Paradójicamente, yo creo que en la vida hay que emprender. Pero emprender no implica necesariamente crear un proyecto empresarial. Emprender es hacer cosas. Es cierto, como no nos cansamos de escuchar, que en nuestro sistema educativo no se nos enseña a emprender. Pero no por el hecho de que hasta hace poco apenas contempláramos la posibilidad de crear nuestra propia empresa, sino porque se nos educaba y se nos educa para que, básicamente, no hagamos nada. Para no equivocarnos, no movernos en la foto, no pensar más de la cuenta y en definitiva no crear demasiados problemas a los poderes establecidos.

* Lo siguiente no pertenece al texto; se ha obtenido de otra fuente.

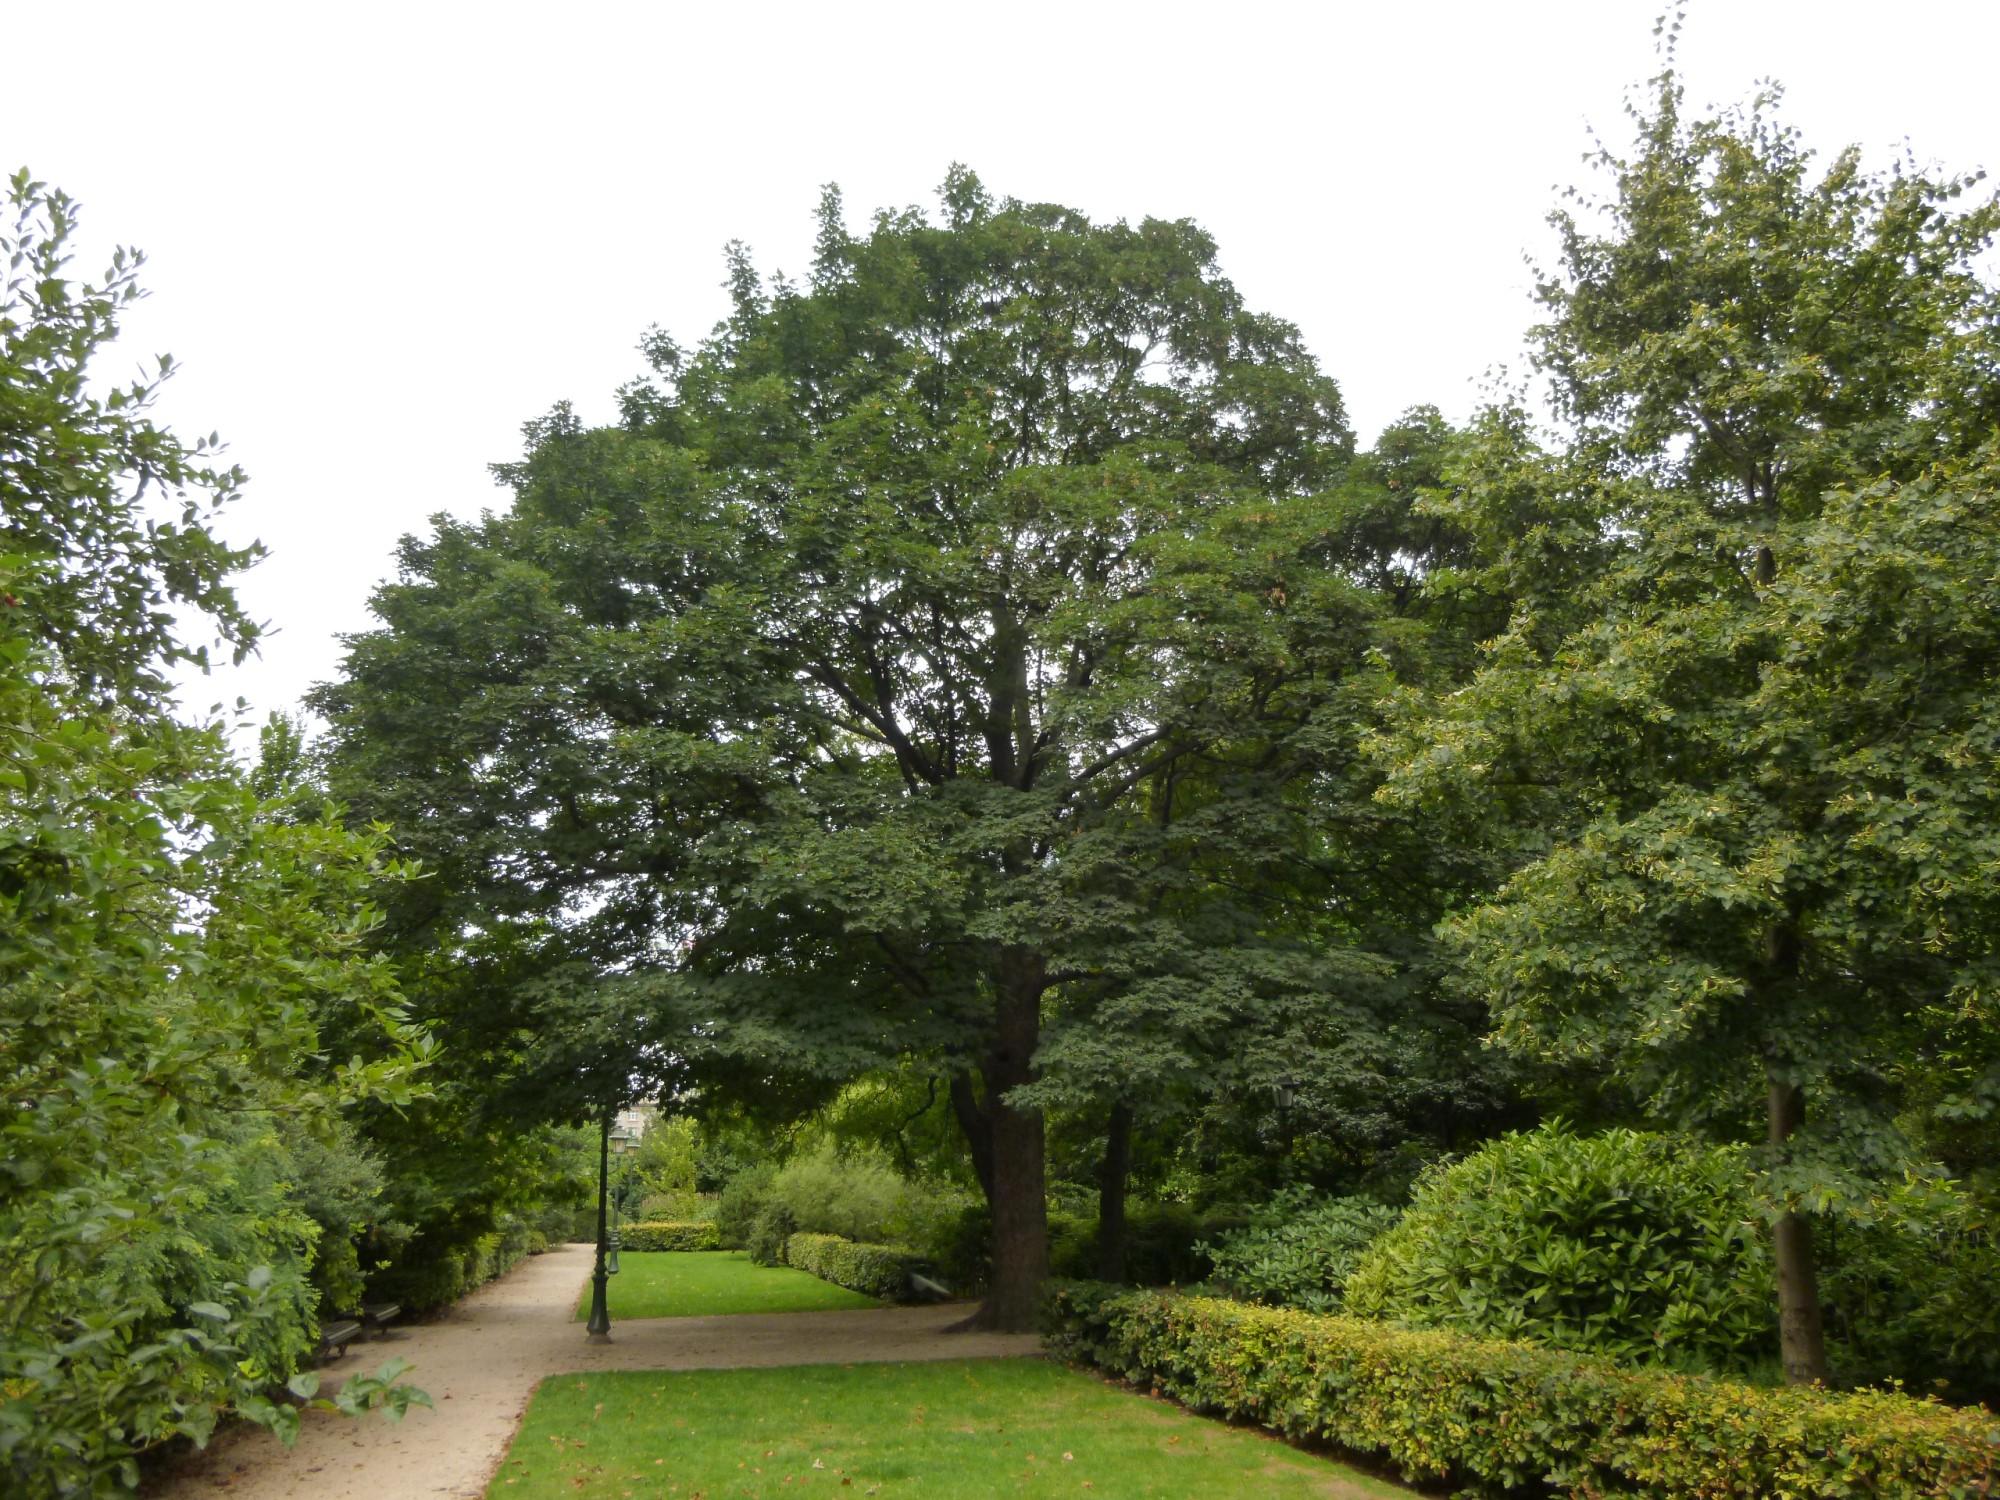 Erable Trautvetter – Saint-Josse-Ten-Noode, Jardin Botanique –  12 Août 2013

Emprender es atreverte a hacer cosas. En tu casa, en tu asociación, en tu cuadrilla de amigos, en tu barrio, en tu ciudad, y por supuesto, en la empresa en la que trabajas. Porque sí, los intraemprendedores son esos grandes incomprendidos, pero son mayoría potencial. Y por sus manos y sus mentes pasan buena parte de las posibilidades de progreso y de creación de nuevas oportunidades.

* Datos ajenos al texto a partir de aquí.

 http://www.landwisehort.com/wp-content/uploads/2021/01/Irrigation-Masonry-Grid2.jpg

Así que no emprendas. Espera a que escampe. Una vez pase la tormenta, las cosas no volverán a ser como antes, pero la burbuja del emprendimiento se habrá pinchado, el crédito tal vez vuelva a fluir y tú habrás ganado tiempo formándote y preparándote. Estamos pasando de una economía industrial a una economía de base digital (y baja en carbono). A nosotros nos puede la ansiedad, pero este es un proceso largo que llevará varios años. Así que no tengas prisa porque surgirán nuevas oportunidades en un entorno mucho más fiable. Mientras tanto puedes dedicarte a crear eso que algunos llaman marca personal. Otros le llamamos simplemente sentido común. Pero el nombre es lo de menos.